Sapalah Kami dengan Lembut

Kalau tak bisa merubah, setidaknya kamu masih punya cinta dan doa, dalam setiap khusyukmu

Ya, itu setidaknya!

Kalau hanya menonjolkan diri dan mendaku kebenaran, aku khawatir, orang-orang bukannya simpati, tapi malah antipati padamu. Ya, kalau orang sudah benar, tanpa nasihat pun, dia akan sudah berada di track yang seharusnya. Tanpa kalimat-kalimat baik yang kau sampaikan dengan cara, yang menurutku, tak lembut itu, orang-orang benar memang sudah akan ada pada tracknya. Semacam bebek, tak usah kau ajari pun, dia akan tetap bisa berenang.

Tapi, orang yang mencoba baik, tetiba kau skak-mat dengan ujaranmu yang tak lembut itu, aku khawatir, sungguh khawatir, orang akan semakin antipati pada kita, semua dari kita. Walau engkau bukan representasi dari kita. Tapi, itu yang orang-orang lihat. Engkau bagian dari kita, meski tidak semua kita begitu.

Entah benar entah juga tidak, pernah ada sebuah cerita yang mampir di telinga. Tentang seorang penyanyi ternama yang namanya dulu berkibar pada tahun 90an. Sebut saja nama dia Gombloh. Seorang musisi dari Jawa Timur. Musisi dengan lagu-lagunya yang melegenda pada masanya, bahkan mungkin hingga kini.
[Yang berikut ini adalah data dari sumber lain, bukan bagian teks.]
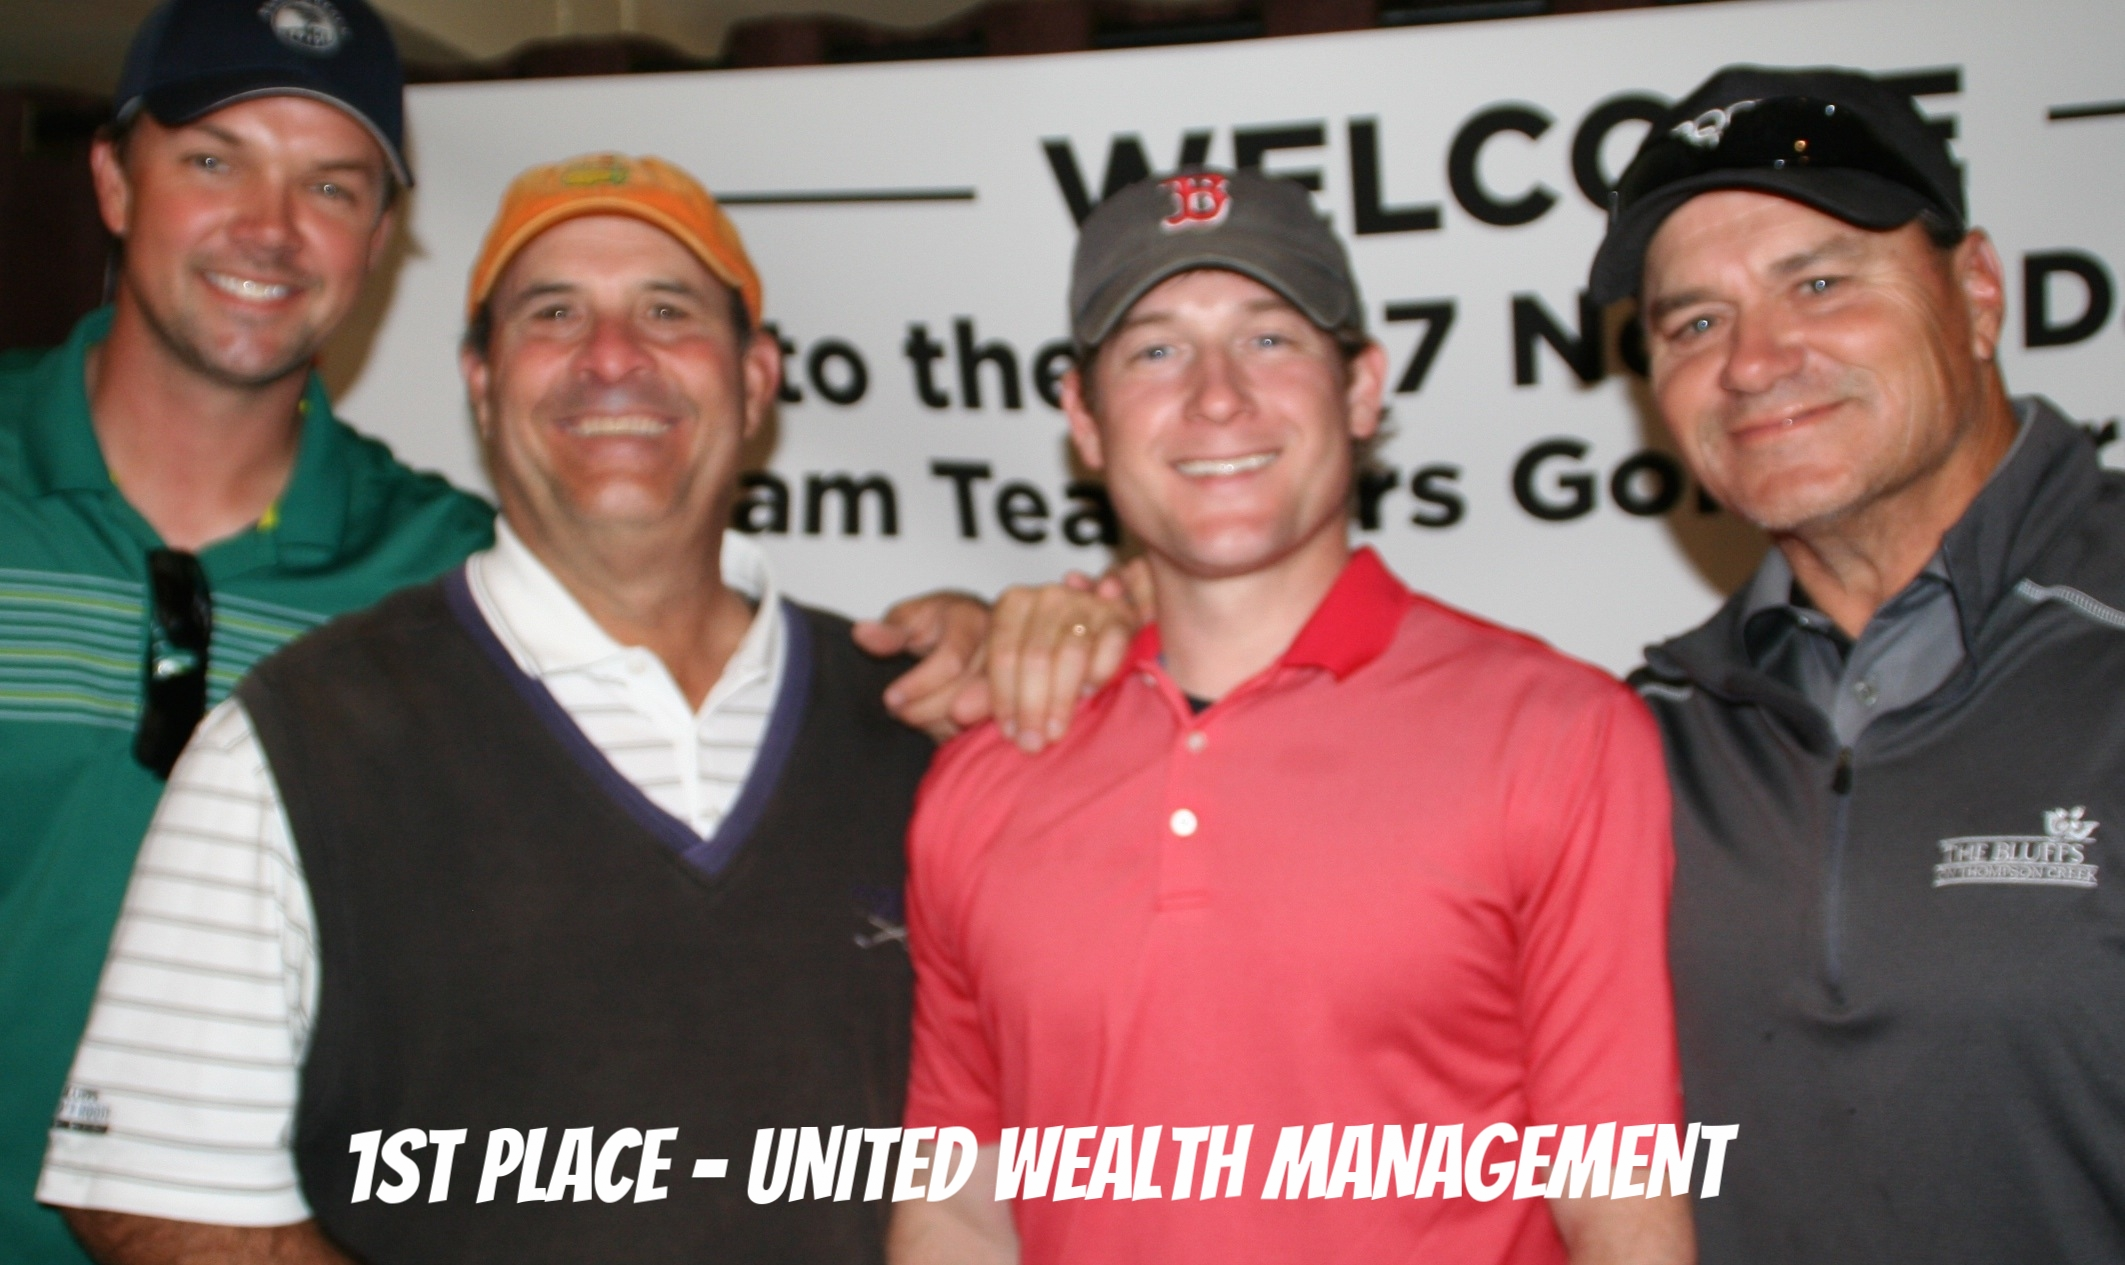 1st Place Team - United Wealth Management

Kau tahu apa yang Gombloh lakukan di Doli yang sekarang sudah tutup itu? Tempat yang sekali mendengar orang-orang sudah akan mempersepsi buruk dan memandang sebelah mata. Orang-orang sudah akan menghakimi semua jajaran penghuni daerah itu, tanpa harus repot bertanya dan mencari tahu, karena apa para penghuni itu akhirnya "terdaftar" menjadi warga Doli. Mungkin pendapatmu akan sama, ya karena dia di Doli, maka itu buruk. Titik! Tak perlu kau repot mencari tahu kenapa.

Jadi, Gombloh yang penyanyi itu, konon dari yang aku pernah dengar, setiap habis dapat uang dari nyanyi, dia belikan kutang dan dia lempar ke pintu-pintu penghuni Doli. Mungkin sambil melempar itu ke pintu-pintu, disambil nyanyi-nyanyi, menghibur warga Doli. Tapi, mungkin juga tidak sambil nyanyi.

Gombloh tidak punya persepsi buruk tentang warga penghuni Doli, selain cinta dan doa. Mungkin benar, yang dilakukan warga penghuni Doli memang tak baik. Tapi ada sebab dari semua itu. Mungkin karena nasi yang dicuri, mungkin karena pekerjaan yang ditelikung, mungkin juga karena pendidikan yang dilarang untuk warga miskin.

Gombloh tidak punya cukup daya untuk memperbaiki itu semua. Tapi Gombloh, punya banyak cinta dan doa, dalam setiap khusyuknya. Dia punya banyak cinta dan doa, untuk sedikit meringankan beban mereka, tanpa harus latah turut menghujat.

Kuharap kau pun begitu. Lembutmu mendahului prsangakamu. Jangan terburu mengangkat telunjuk, menunjuk-nunjuk. Perbanyak peluk, dengarkan dengan hati yang terketuk. Mereka butuh diperhatikan, didengar. Bukan dihujat. Tentu saja mereka, tentu saja kami, tentu saja aku, sudah muak dihujat. Sapalah, tanyalah, karena kami rindu itu. Ajaklah kami bicara.